## EXERCISE OBJECTIVE
Below are records to be reproduced exactly and in full.

(Source data)
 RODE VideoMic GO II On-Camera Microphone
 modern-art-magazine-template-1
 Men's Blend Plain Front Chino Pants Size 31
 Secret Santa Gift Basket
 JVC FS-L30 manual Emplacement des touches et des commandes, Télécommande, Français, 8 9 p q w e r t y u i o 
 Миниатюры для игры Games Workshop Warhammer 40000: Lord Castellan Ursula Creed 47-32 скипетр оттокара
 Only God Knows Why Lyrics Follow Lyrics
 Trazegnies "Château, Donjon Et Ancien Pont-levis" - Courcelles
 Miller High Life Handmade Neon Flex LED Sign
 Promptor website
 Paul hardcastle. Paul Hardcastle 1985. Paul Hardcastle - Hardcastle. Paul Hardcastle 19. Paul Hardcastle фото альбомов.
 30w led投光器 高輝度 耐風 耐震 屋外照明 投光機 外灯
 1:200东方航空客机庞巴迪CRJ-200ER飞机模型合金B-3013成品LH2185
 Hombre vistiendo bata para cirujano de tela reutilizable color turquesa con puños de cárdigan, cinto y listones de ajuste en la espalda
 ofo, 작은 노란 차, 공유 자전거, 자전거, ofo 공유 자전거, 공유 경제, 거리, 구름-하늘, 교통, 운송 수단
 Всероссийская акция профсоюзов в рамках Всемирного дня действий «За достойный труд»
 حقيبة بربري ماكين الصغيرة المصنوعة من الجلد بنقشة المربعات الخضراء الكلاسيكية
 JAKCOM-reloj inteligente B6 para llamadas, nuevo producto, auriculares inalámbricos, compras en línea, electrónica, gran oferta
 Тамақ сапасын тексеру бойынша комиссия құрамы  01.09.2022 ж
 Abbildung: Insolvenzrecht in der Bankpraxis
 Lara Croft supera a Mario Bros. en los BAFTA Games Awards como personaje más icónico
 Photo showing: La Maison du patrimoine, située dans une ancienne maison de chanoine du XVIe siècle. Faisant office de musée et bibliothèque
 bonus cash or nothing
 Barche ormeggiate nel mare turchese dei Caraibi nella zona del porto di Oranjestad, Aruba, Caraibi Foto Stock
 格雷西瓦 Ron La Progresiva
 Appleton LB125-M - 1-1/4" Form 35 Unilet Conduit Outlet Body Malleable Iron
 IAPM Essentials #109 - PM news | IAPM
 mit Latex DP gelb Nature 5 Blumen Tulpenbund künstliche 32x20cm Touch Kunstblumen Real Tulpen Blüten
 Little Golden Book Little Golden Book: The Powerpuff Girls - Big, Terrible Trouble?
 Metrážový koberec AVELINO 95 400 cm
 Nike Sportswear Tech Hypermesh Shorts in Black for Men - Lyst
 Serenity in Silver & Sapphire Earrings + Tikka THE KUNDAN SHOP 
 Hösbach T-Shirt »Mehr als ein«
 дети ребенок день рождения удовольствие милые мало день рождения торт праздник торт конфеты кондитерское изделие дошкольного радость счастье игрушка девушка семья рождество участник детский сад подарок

## WRITTEN ANSWER
 RODE VideoMic GO II On-Camera Microphone
 modern-art-magazine-template-1
 Men's Blend Plain Front Chino Pants Size 31
 Secret Santa Gift Basket
 JVC FS-L30 manual Emplacement des touches et des commandes, Télécommande, Français, 8 9 p q w e r t y u i o 
 Миниатюры для игры Games Workshop Warhammer 40000: Lord Castellan Ursula Creed 47-32 скипетр оттокара
 Only God Knows Why Lyrics Follow Lyrics
 Trazegnies "Château, Donjon Et Ancien Pont-levis" - Courcelles
 Miller High Life Handmade Neon Flex LED Sign
 Promptor website
 Paul hardcastle. Paul Hardcastle 1985. Paul Hardcastle - Hardcastle. Paul Hardcastle 19. Paul Hardcastle фото альбомов.
 30w led投光器 高輝度 耐風 耐震 屋外照明 投光機 外灯
 1:200东方航空客机庞巴迪CRJ-200ER飞机模型合金B-3013成品LH2185
 Hombre vistiendo bata para cirujano de tela reutilizable color turquesa con puños de cárdigan, cinto y listones de ajuste en la espalda
 ofo, 작은 노란 차, 공유 자전거, 자전거, ofo 공유 자전거, 공유 경제, 거리, 구름-하늘, 교통, 운송 수단
 Всероссийская акция профсоюзов в рамках Всемирного дня действий «За достойный труд»
 حقيبة بربري ماكين الصغيرة المصنوعة من الجلد بنقشة المربعات الخضراء الكلاسيكية
 JAKCOM-reloj inteligente B6 para llamadas, nuevo producto, auriculares inalámbricos, compras en línea, electrónica, gran oferta
 Тамақ сапасын тексеру бойынша комиссия құрамы  01.09.2022 ж
 Abbildung: Insolvenzrecht in der Bankpraxis
 Lara Croft supera a Mario Bros. en los BAFTA Games Awards como personaje más icónico
 Photo showing: La Maison du patrimoine, située dans une ancienne maison de chanoine du XVIe siècle. Faisant office de musée et bibliothèque
 bonus cash or nothing
 Barche ormeggiate nel mare turchese dei Caraibi nella zona del porto di Oranjestad, Aruba, Caraibi Foto Stock
 格雷西瓦 Ron La Progresiva
 Appleton LB125-M - 1-1/4" Form 35 Unilet Conduit Outlet Body Malleable Iron
 IAPM Essentials #109 - PM news | IAPM
 mit Latex DP gelb Nature 5 Blumen Tulpenbund künstliche 32x20cm Touch Kunstblumen Real Tulpen Blüten
 Little Golden Book Little Golden Book: The Powerpuff Girls - Big, Terrible Trouble?
 Metrážový koberec AVELINO 95 400 cm
 Nike Sportswear Tech Hypermesh Shorts in Black for Men - Lyst
 Serenity in Silver & Sapphire Earrings + Tikka THE KUNDAN SHOP 
 Hösbach T-Shirt »Mehr als ein«
 дети ребенок день рождения удовольствие милые мало день рождения торт праздник торт конфеты кондитерское изделие дошкольного радость счастье игрушка девушка семья рождество участник детский сад подарок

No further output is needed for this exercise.